GOAL OF THE EXERCISE – Without the pictures, restate all of the data below word for word.

DATA SECTION –

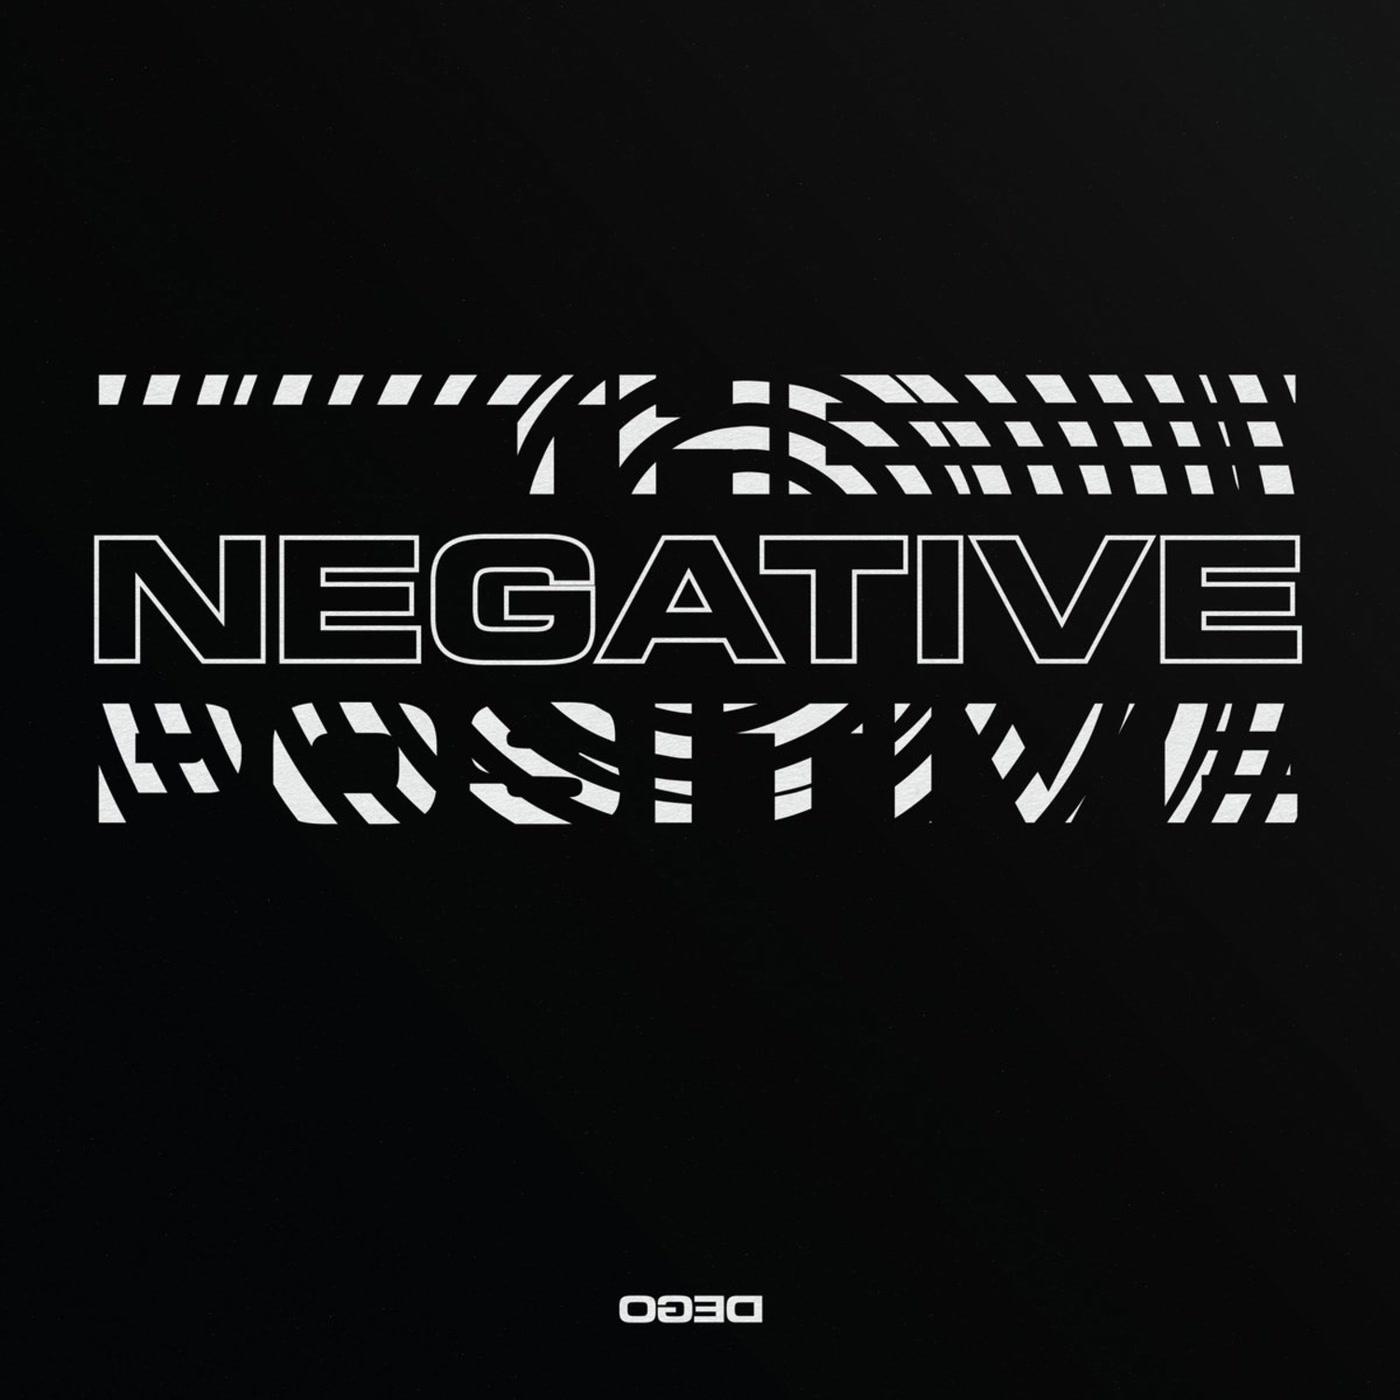 dego – The Negative Positive (2000black)
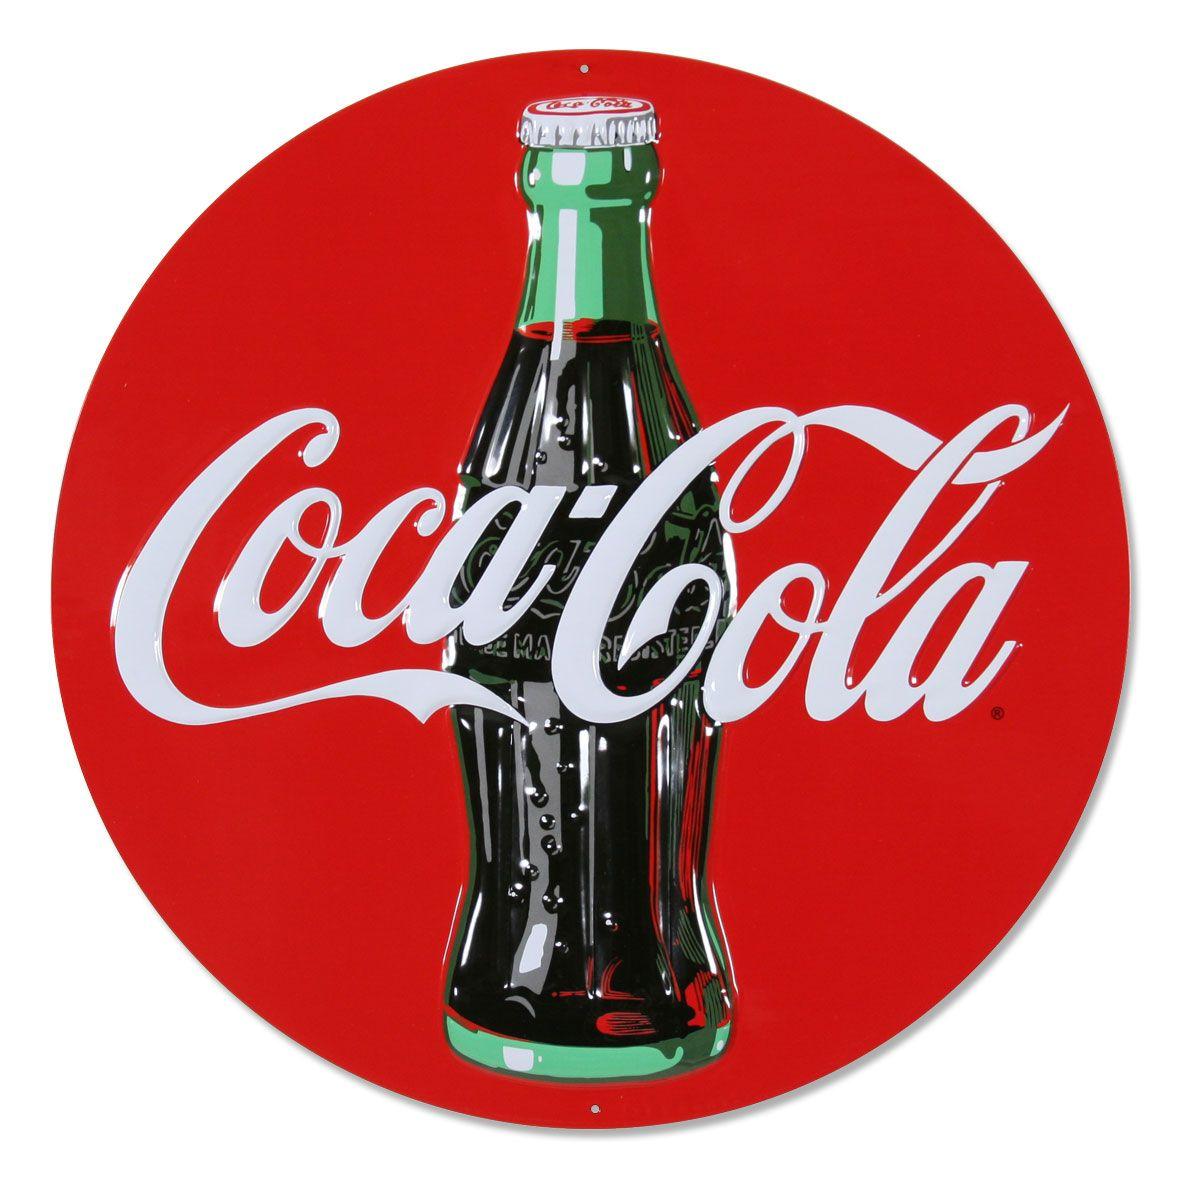 Coca Cola Bathroom Decor - Coca cola red circle logo embossed metal sign
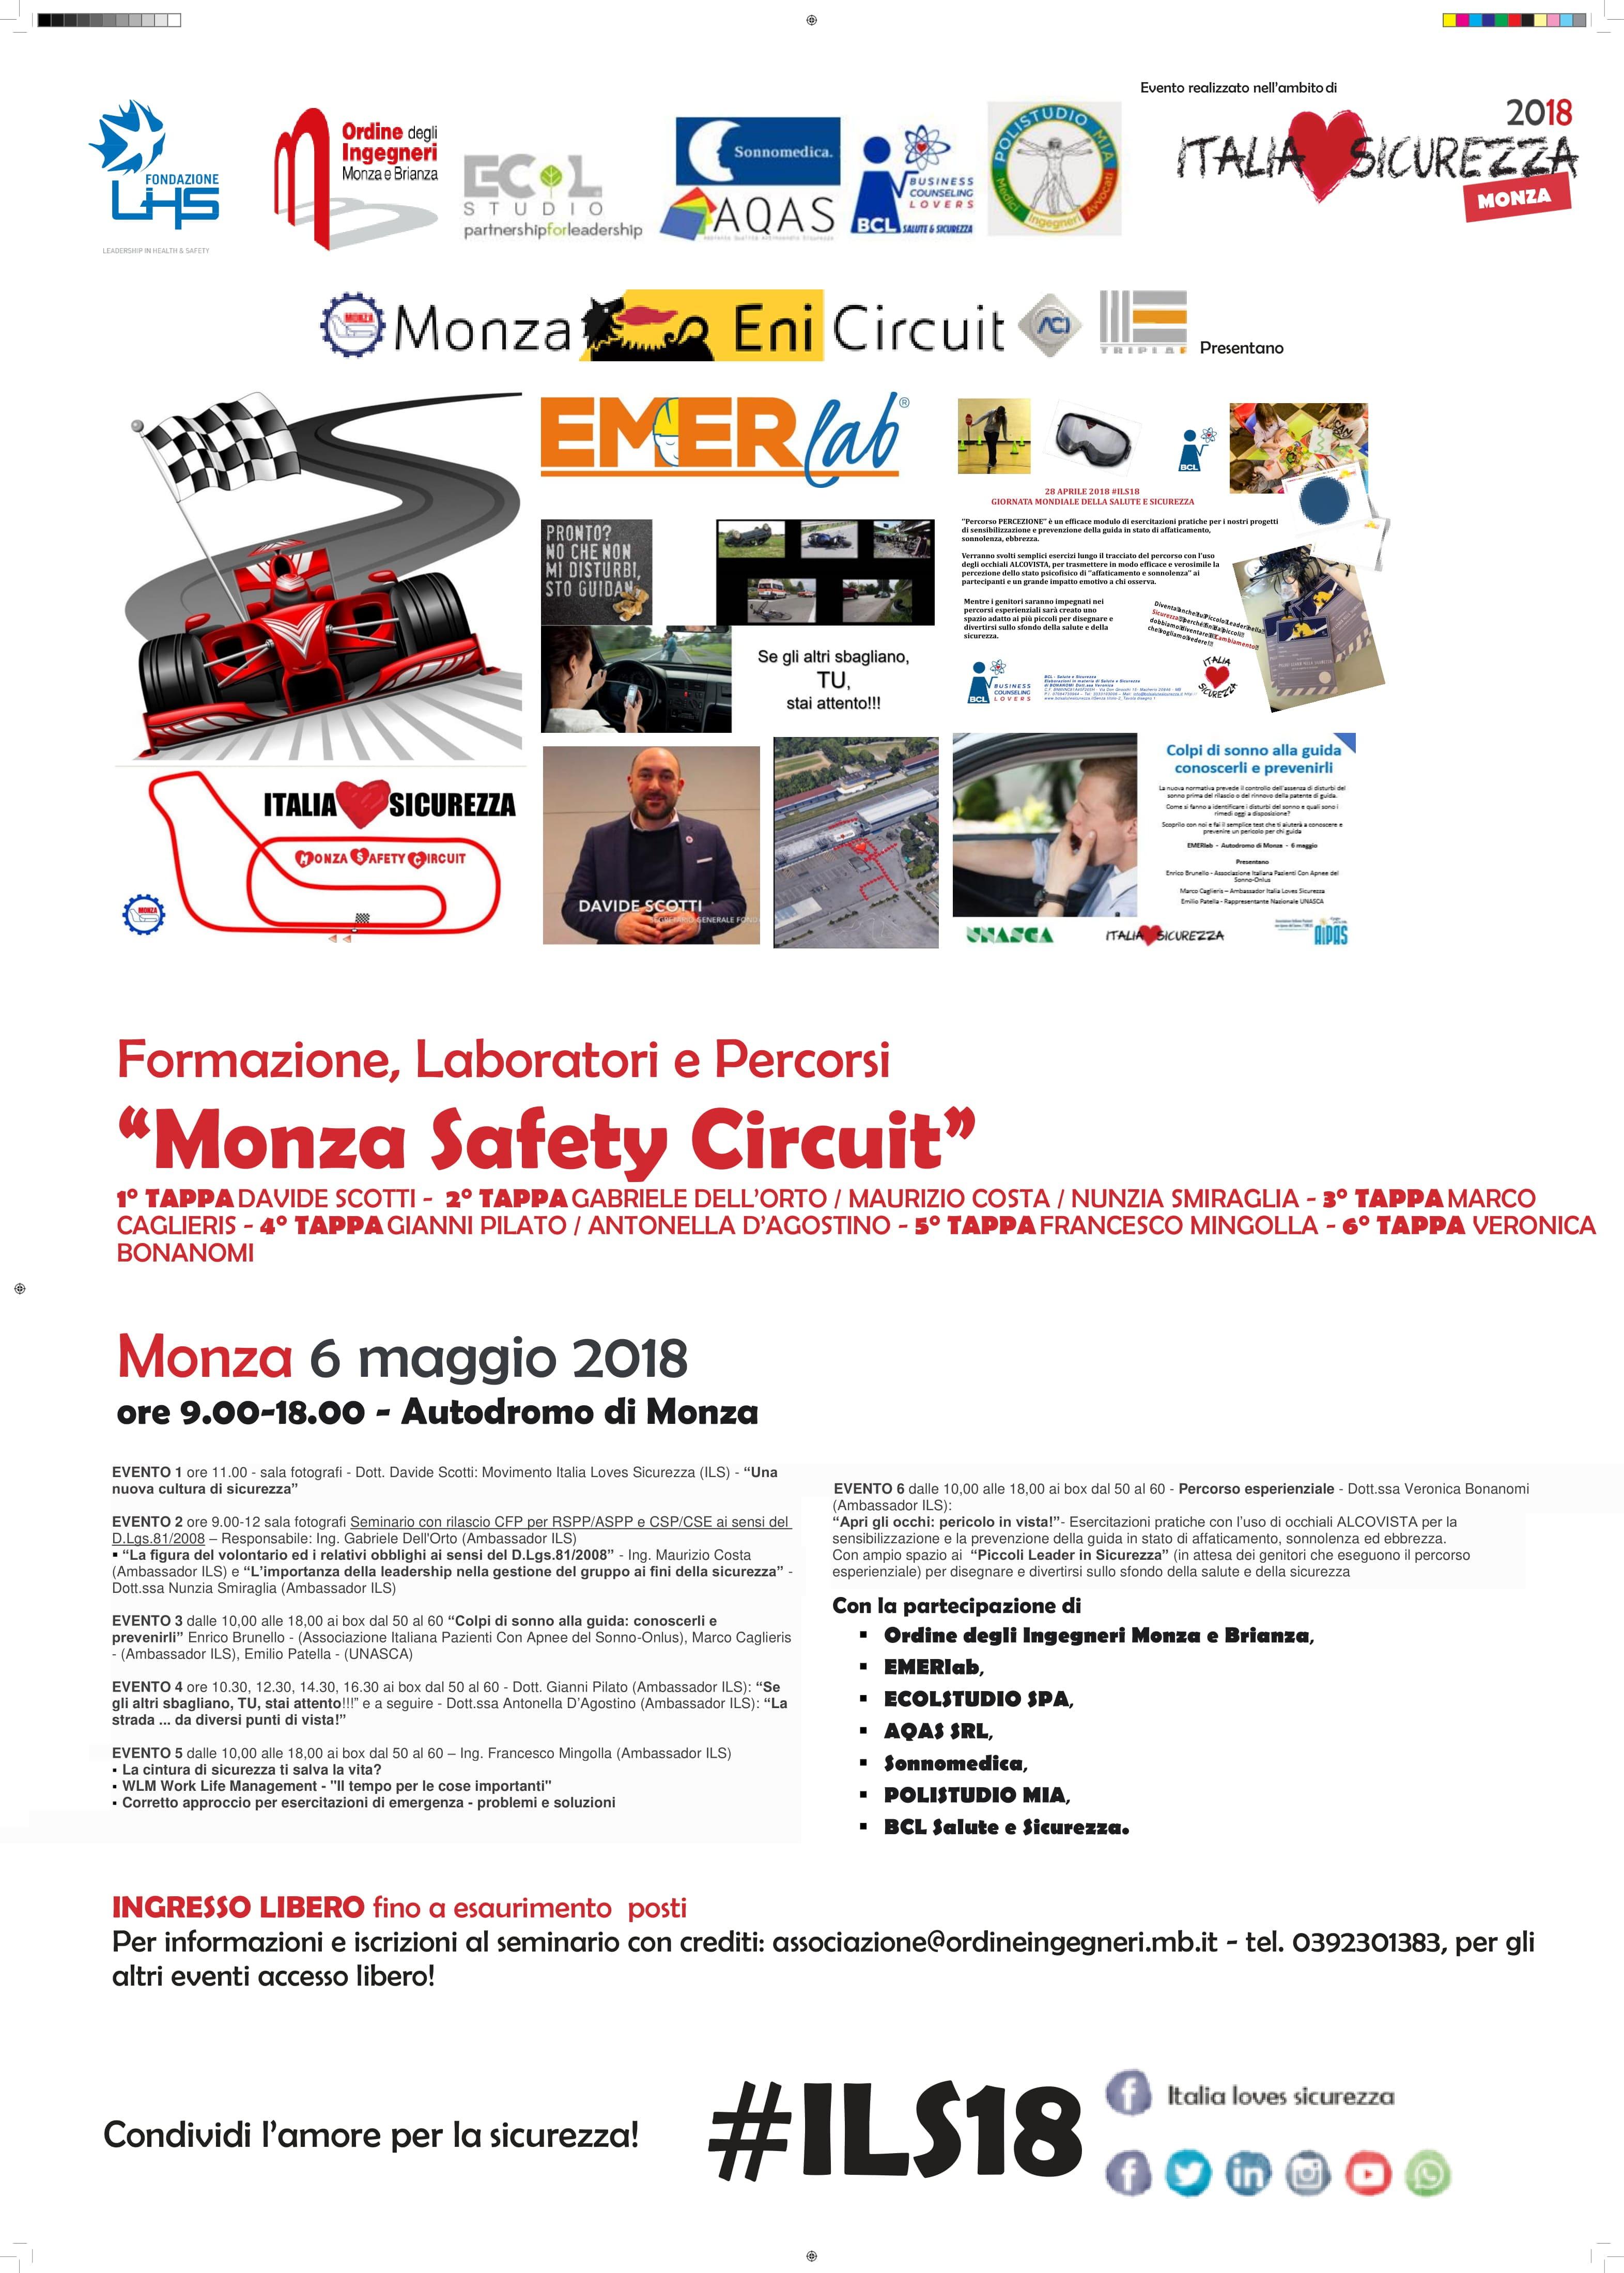 https://www.fondlhs.org/wp-content/uploads/2018/04/ILS18_Poster-Monza-Safety-Circuit-06-maggio-2018.jpg

RESULT OF THE EXERCISE –
 dego – The Negative Positive (2000black)
 Coca Cola Bathroom Decor - Coca cola red circle logo embossed metal sign
 https://www.fondlhs.org/wp-content/uploads/2018/04/ILS18_Poster-Monza-Safety-Circuit-06-maggio-2018.jpg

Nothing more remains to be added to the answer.